Kuantum mekaniğinin saygıya değer olduğunu düşünüyorum. Ne var ki içimden bir ses bunda doğru olmayan bir şeyler olduğunu söylüyor.1Burada Almanca metinde geçen “nicht der wahre Jakob” ifadesi, “yolunda olmayan bir şeyler olduğu” anlamındadır. Yakup’un hilesi için bkz. Duden, cilt 11, s. 365. (Ed.) Teori çok şey ortaya koyuyor ama bizi Kadim Olanın gizlerine yakınlaştırması zor. Yine de Tanrı’nın zar atmadığına ikna olmuş durumdayım.

Einstein’ın kuantum mekaniğinin, moleküllerin, atomların ve parçacıkların dünyası olan Küçükler Evreninde yürütülen deney sonuçlarını açıklamanın bir aracı olarak etkili olduğu konusunda hiçbir şüphesi yoktu. Bununla birlikte, sezgileri (“iç sesi”) kuantum fiziğinin o zamanlar formüle edildiği şekliyle diğer bir deyişle olasılıkçı bir teori olarak kabul görmeyeceğini söylüyordu. Einstein “Teori çok şey ortaya koyuyor ama bizi Kadim Olanın gizlerine pek yaklaştırmıyor” diyordu. Peki ya Einstein “Kadim Olanın Gizleri” ile ne kastetmiş olabilir?

Einstein’a göre bilimin amacı, evrenin nedensel işleyişini derinlemesine araştırmak ve onun mekanizmasını adım adım ortaya çıkarmaktı.

Bu sözler olduğu gibi kabul edildiğinde, bir mistik tarafından söylenmiş gibi duruyor. Öyle ki “Kadim Olanın Gizleri” Tanrı’dan gelen vahiyler üzerine bir dizinin başlığı olabilir. Ama Einstein’ın sözlerini harfi harfine değerlendirmek yanıltıcı olacaktır. Elbette Einstein’ın (ya da herhangi birinin) gerçekte ne düşündüğünü kimse bilmemektedir; bizler onun yazılı ve kayıtlı sözleriyle bağlıyız ve o da kendi “Bilge Olanın Gizlerini” kolaylıkla gönlünün derinliklerinde saklamış olabilir. En doğrudan yorum, Kadim Olanın Einstein’ın kendi inançlarının sembolik bir temsili olduğudur; Max Born’a yazdığı mektuptan üç yıl sonra bir Yahudi gazetesine gönderdiği telgrafta, her şeye nüfuz eden bir tür Spinozacı Tanrı’ya işaret etmiştir:

Spinoza’nın var olan her şeyin uyumunda kendini açığa vuran Tanrısına inanıyorum, ama insanların kaderi ve eylemleriyle ilgilenen bir Tanrıya değil.

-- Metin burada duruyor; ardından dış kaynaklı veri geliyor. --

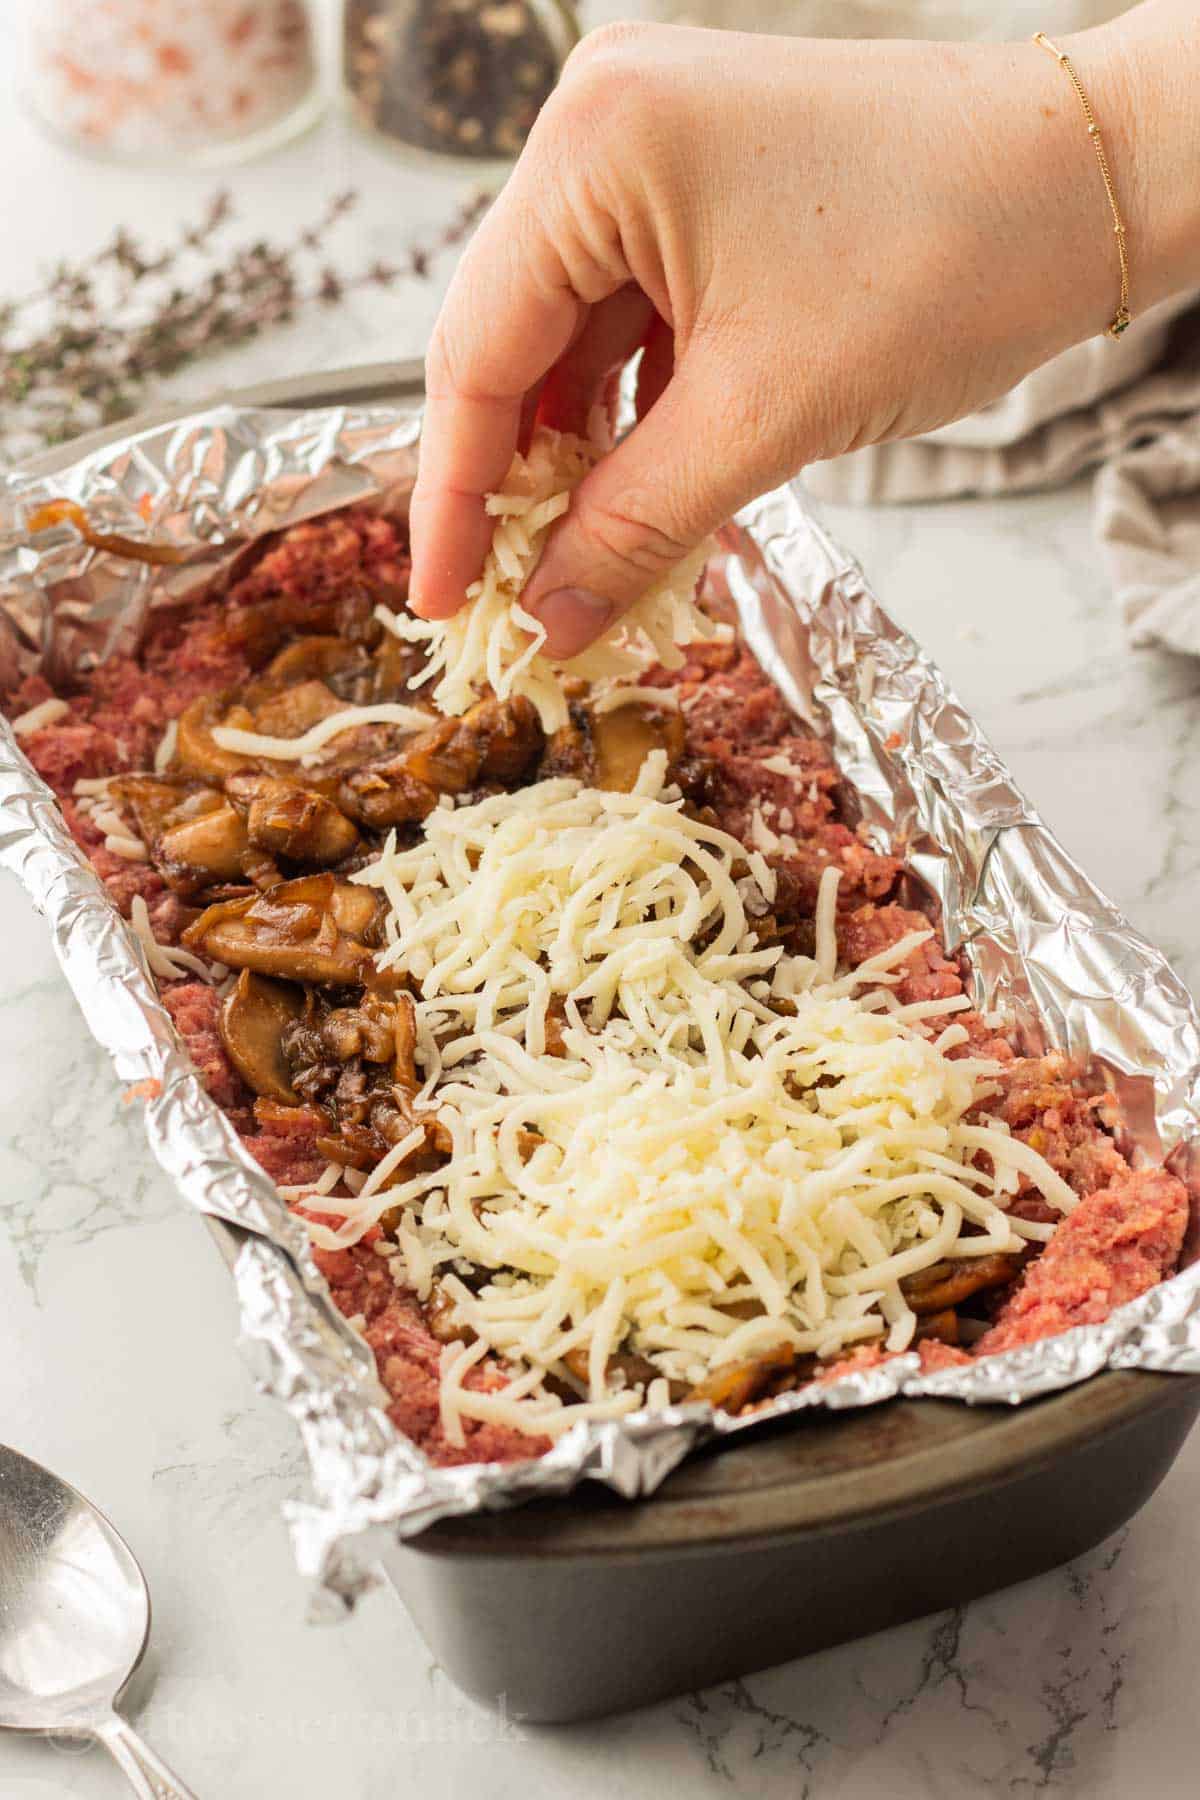 Hand sprinkling cheese onto cooked onions and mushrooms in raw beef in metal pan.

Bu “var olan her şeyin uyumu”, Einstein’ın doğada var olan her şeyi etkileyen temel ve her şeyi kapsayan bir nedensel düzen olduğu yönündeki engin ve değişmez görüşünü temsil eder:

Bizim üzerinde kontrolümüz olmayan güçler tarafından her şey belirlenmiştir. Yıldız için olduğu kadar böcek için de belirlenmiştir. İnsanlar, sebzeler veya kozmik tozlar, hepimiz görünmez bir kavalcının ötelerden çaldığı gizemli bir melodiyle dans ediyoruz.

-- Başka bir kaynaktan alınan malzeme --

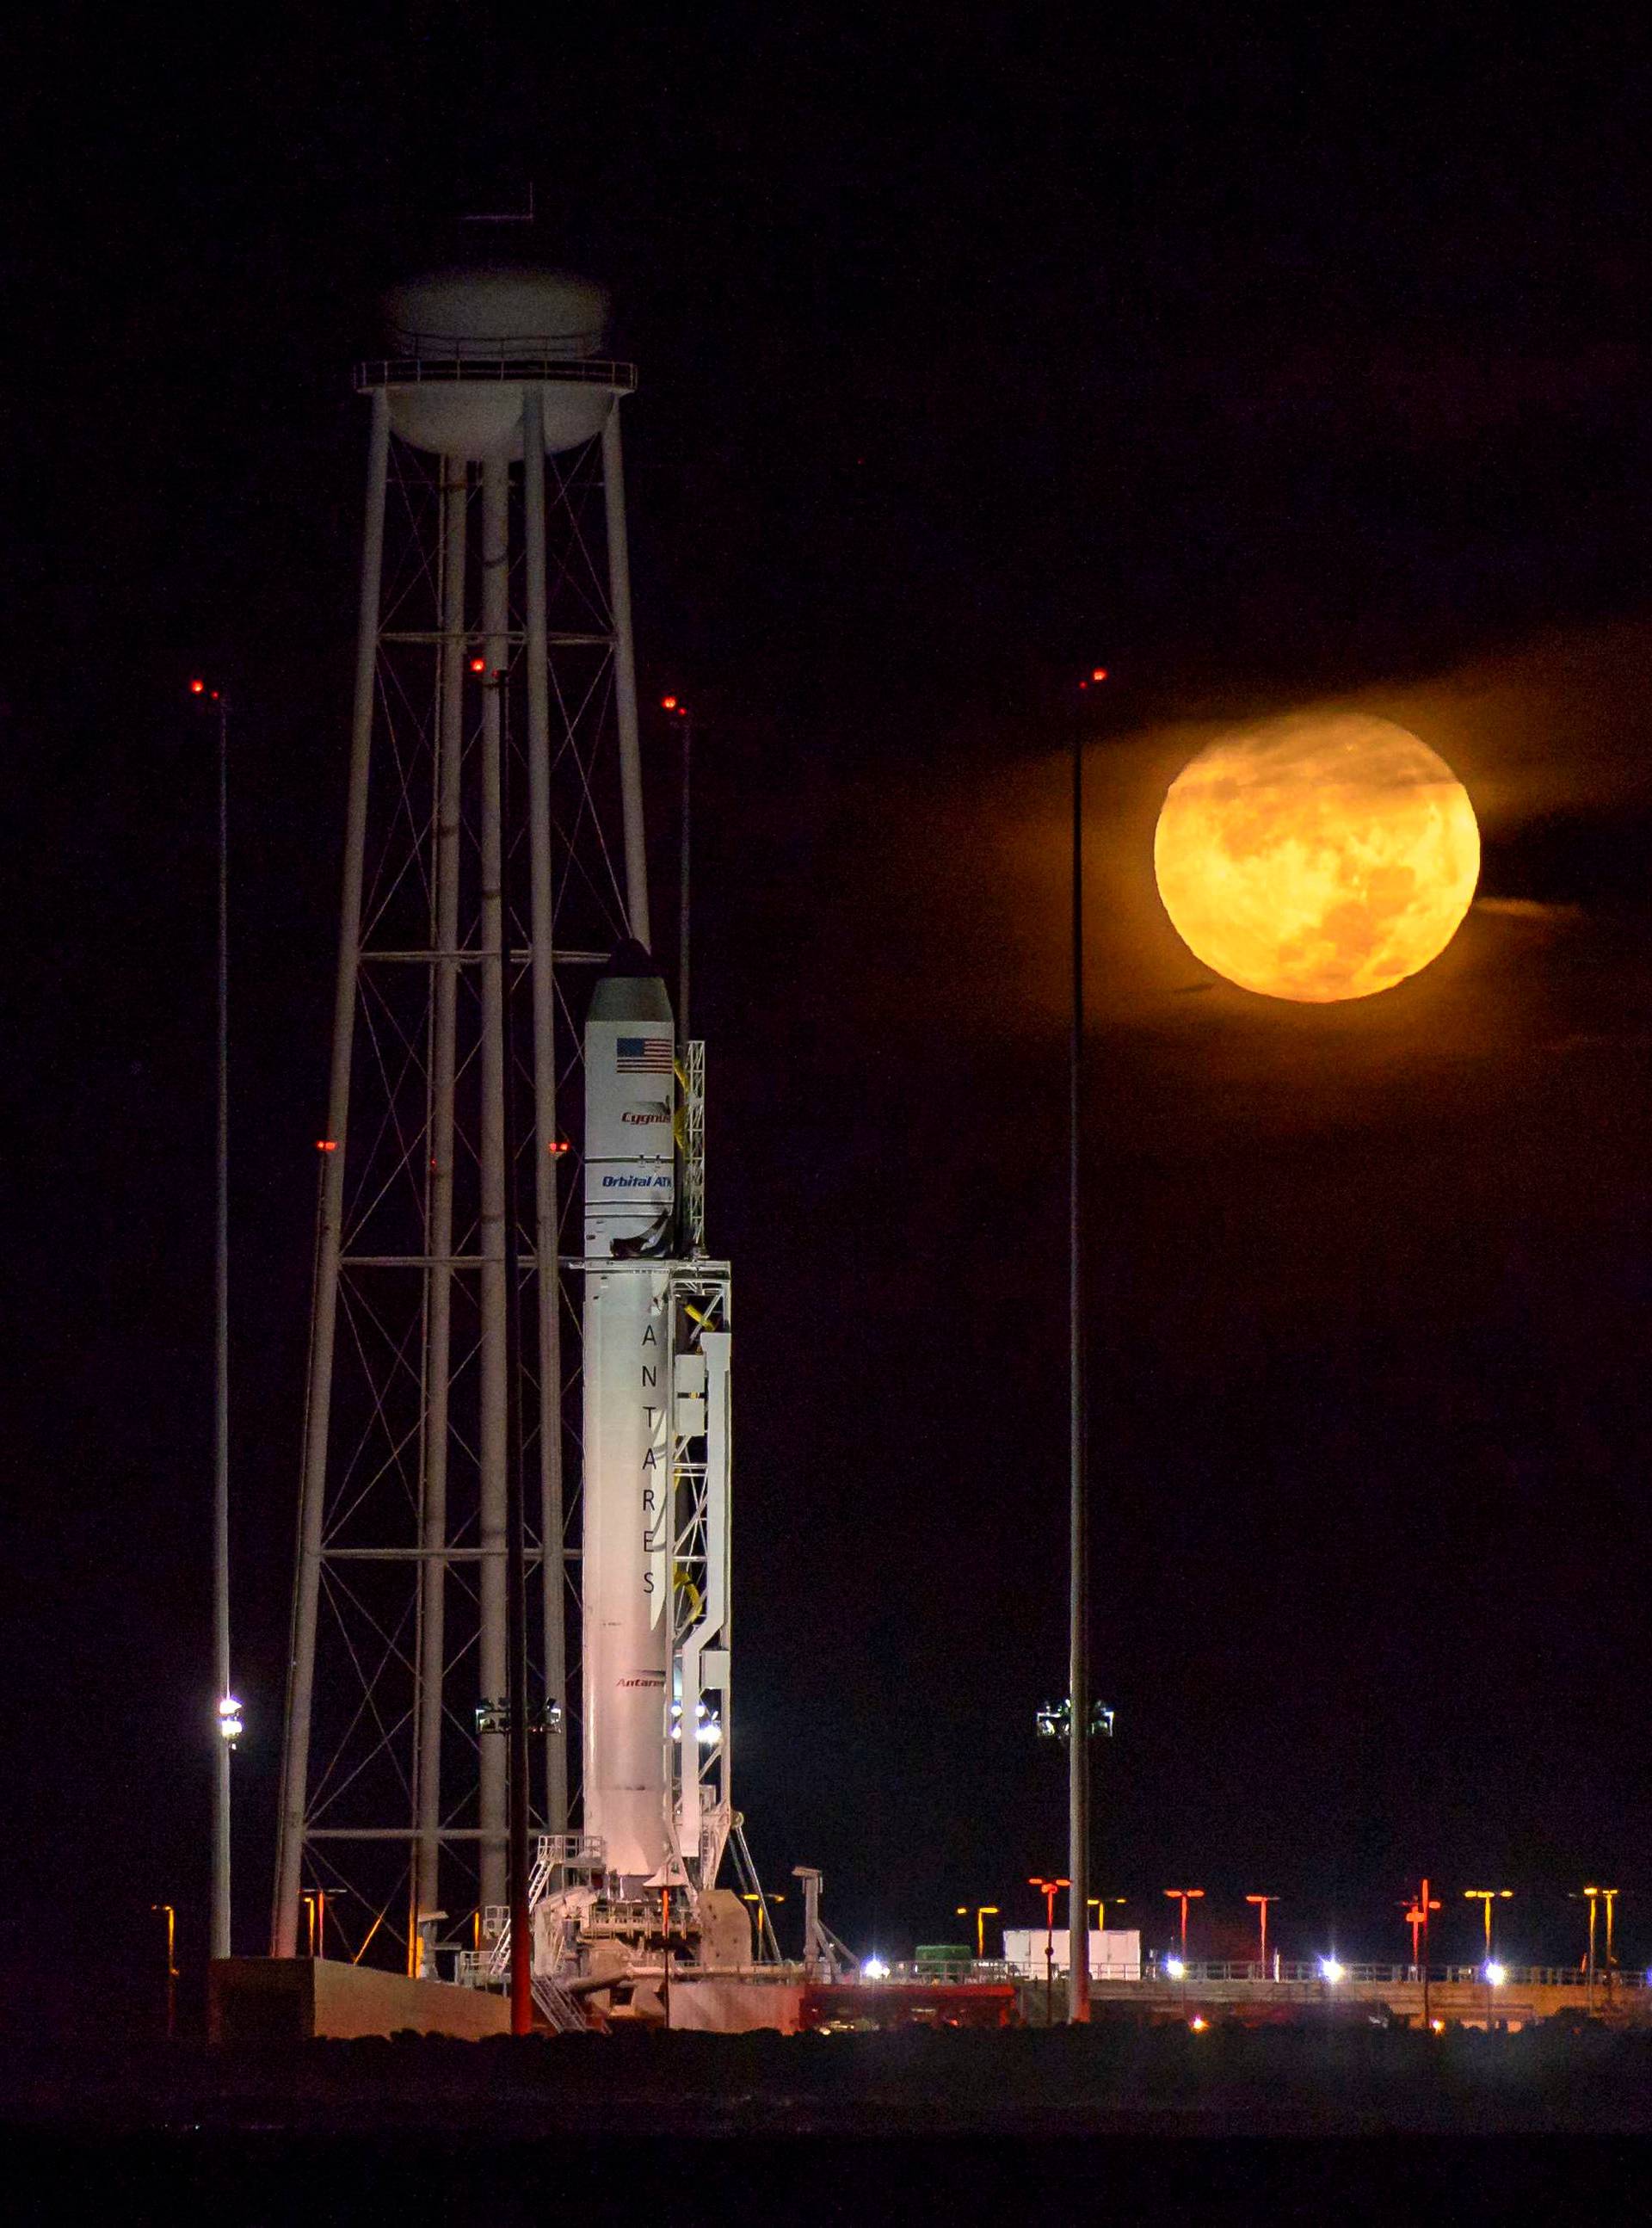 The Orbital ATK Antares rocket, with the Cygnus spacecraft onboard, is seen on launch Pad-0A,  at NASA's Wallops Flight Facility in Virginia

Einstein’ın dünyagörüşü, doğada var olan her şeyi (insan, kozmik tozlar, sebzeler, yıldızlar…) etkileyen, ama en derin iç işleyişi bizim için ve bilim için ulaşılmaz olmaya ve gizemini korumaya devam eden aşkın bir nedensellik arasındaki karmaşık etkileşimi ortaya koymaktadır. Görünmez bir kavalcının ötelerden çaldığı melodi insan kulağı tarafından zar zor duyulabilir. Bu bana, her şeyin yapı taşı olarak “atomlar” kavramını ortaya atan (akıl hocası Leucippus ile) MÖ. 4. yüzyılda yaşamış Sokrates öncesi filozof Democritos’un çok daha eski olan bir başka sözünü anımsatıyor: “Gerçekte, Hakikat derinliklerdedir.”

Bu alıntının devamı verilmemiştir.